Bleu d'Auvergne is a cheese that tends to be milder, creamier, less salty and more approachable than many Roqueforts. .

The key difference between this and other blues is the openness of the curd, allowing for the considerable growth of blue mold internally. This leads to the softening of the curd as the proteins are broken down by the enzymes produced by the mold..

This also makes this a more challenging cheese to make, but a delight when it is done right. The result is a mild creamy blue..

Besides beginning with a high quality milk, the other two factors in being successful with this blue are:.

  • Retaining a good amount of moisture in the curd by using a longer hardening phase during the coagulation and cutting the curds larger with minimal stirring and no additional cooking..
  • Hardening the curds off by gradually aerating them and keeping the somewhat soft curds separate during draining. This is the hard part and can be achieved by...

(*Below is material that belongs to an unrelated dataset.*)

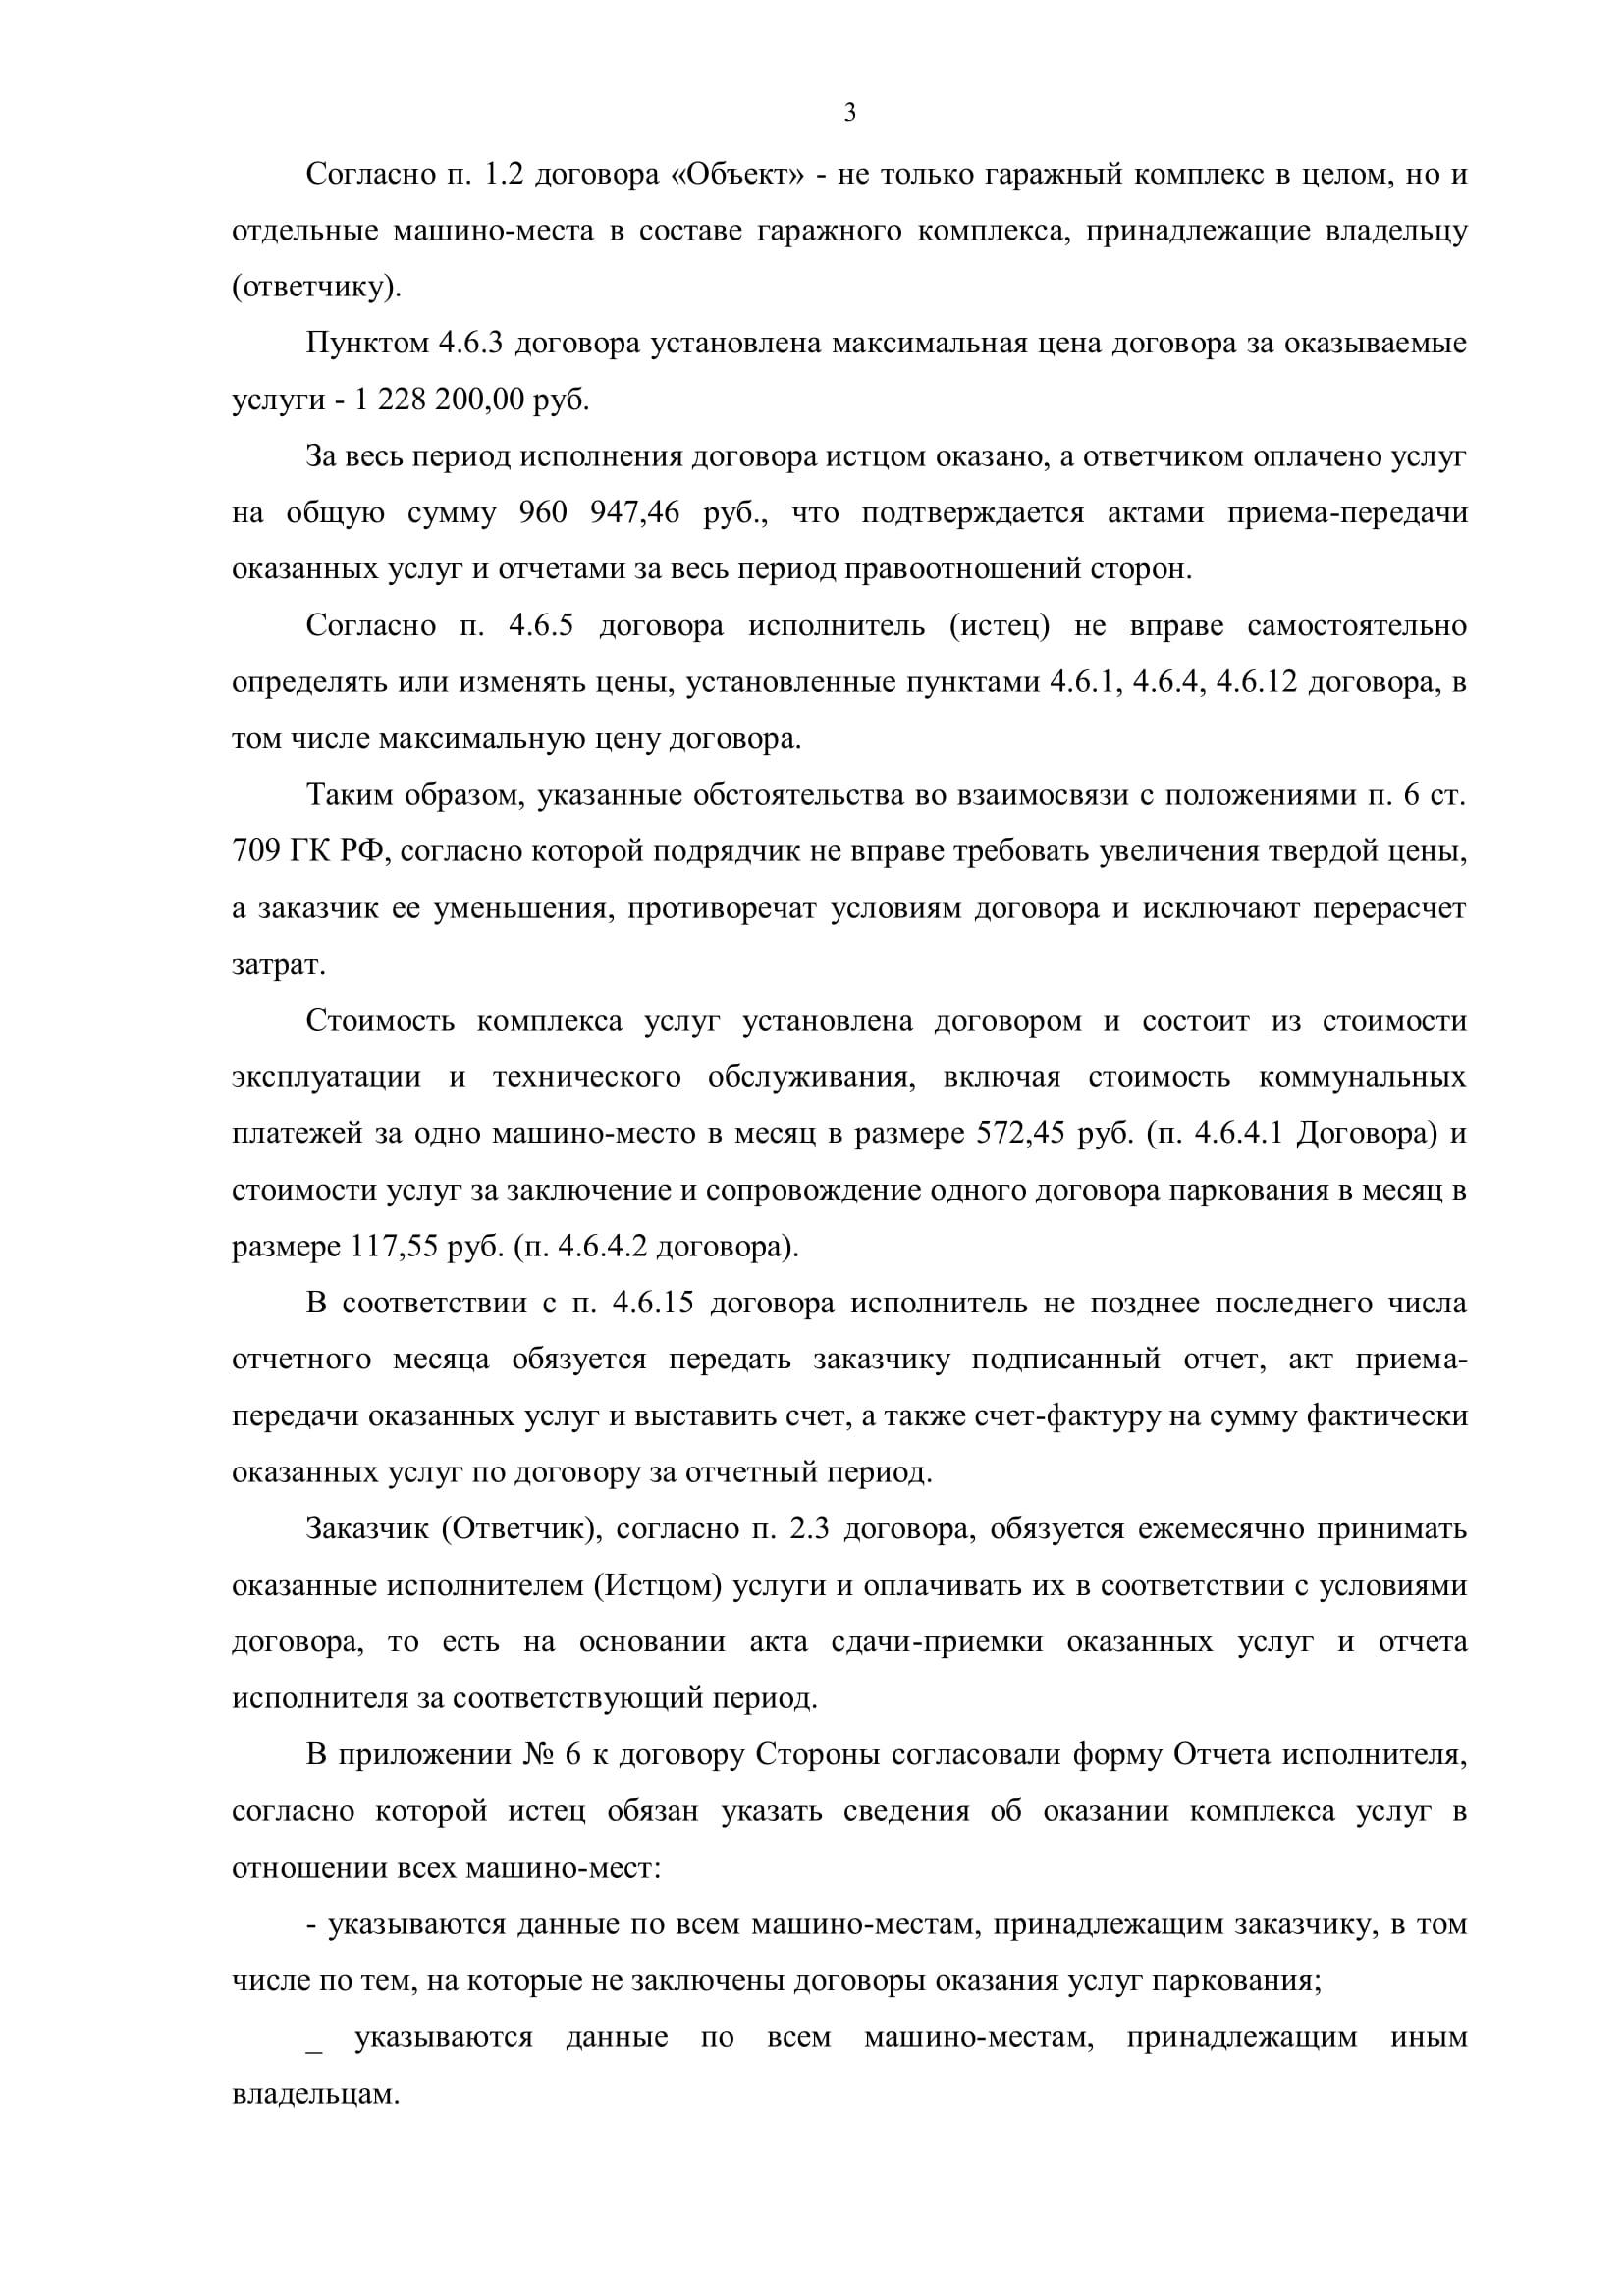 бесплатные юридические консультации онлайн бесплатно ставрополь

Slowly removing the whey while gently stirring the curds thus reducing whey volume and exposing more curd surface to the air..

  • Keeping the curds separated during the final drainage to preserve the open cheese body..
  • No press weight in the final formation of this cheese..
  • The development of a firm skin on the outside of the curds runs counter to what we want with most cheese where we normally encourage the curd to consolidate readily into a single solid curd mass for aging. For this cheese we want a lot of openings inside the cheese for mold growth. . You might compare this visually by imagining a soil of clay that melds together easily vs a pile of gravel that leaves lots of small openings within. I think you can see what I mean with the two photos above. This is where we want to go with this. . The challenge to this though, is that we are working towards a relatively high moisture curd and therefore we can not add heat and lengthy stirring to prepare the curds. I will try to sort this all out as we move along in the process. It may all sound a bit daunting at first but believe me, when you get this one right it will be well worth your while.